Потом подумаю, потом поразмышляю.

Может в интернет залезть, имена поискать?

С этими мыслями я давлю на звонок, и через пару мгновений, калитка открывается. На порог выходит Дмитрий Эдуардович, разводит руки в стороны.

— Роза! Рад, видеть тебя!

Я подхожу ближе, здороваюсь, робко улыбаюсь. Вот интересно, если бы Стёпа рассказал родителям, какая я изменщица, радовались бы они моему визиту, навряд ли!

Мы проходим в дом. Из гостиной тут же выходит Ксения Антоновна.
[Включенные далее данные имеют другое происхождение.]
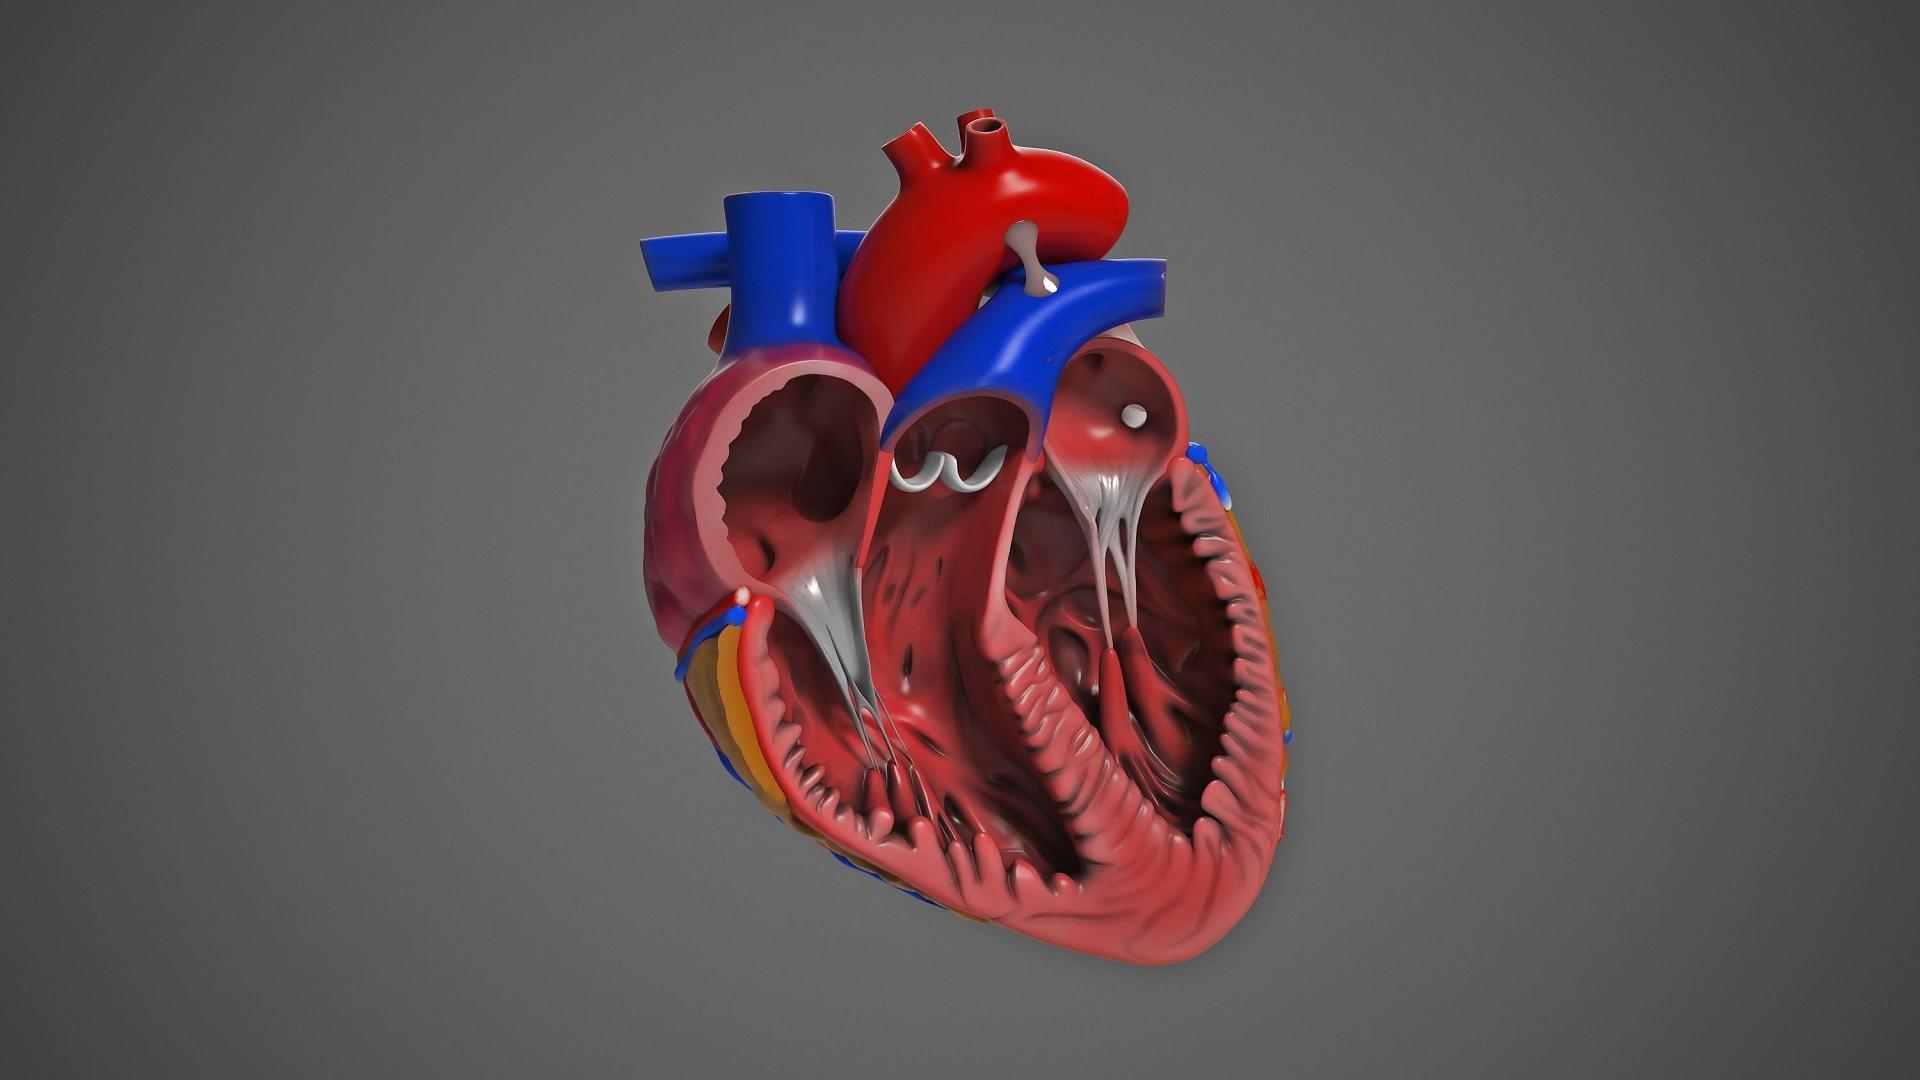 Τρισδιάστατα όργανα: Ερευνητές δημιούργησαν οργανοειδή καρδιάς [pic,vid]

Приветствует и даже обнимает. Она совсем не изменилась, за эти шесть лет, вот не сколечко, и Дмитрий Эдуардович, тоже. Я раздеваюсь, и они меня с интересом рассматривают.

— Что? — немного неловко от их интереса.

— Прекрасно выглядишь, — улыбается Дмитрий Эдуардович, — даже без розовых локонов.

Я улыбаюсь.

— Спасибо.

— Ну что ж мы топчемся, пойдёмте, — Ксения Антоновна, приглашает в гостиную. Здесь всё также как и осталось. Словно дежавю. Всё та же уютная обстановка, и те же ароматы витают по дому. Вот только мы всё же другие. Ведём непринуждённую беседу, а сами понимаем, что точек соприкосновения давно нет, только и остаётся вспоминать о прошлом.

Потом замолкаем, всё узнали, что могли, про родителей, про Пашу, я про них, дальше уже запретная тема. Молчание затягивается, и прошу уже отвести меня к бабушке Оле. Ксения Антоновна предлагает меня проводить, заодно посмотреть, проснулась ли мама.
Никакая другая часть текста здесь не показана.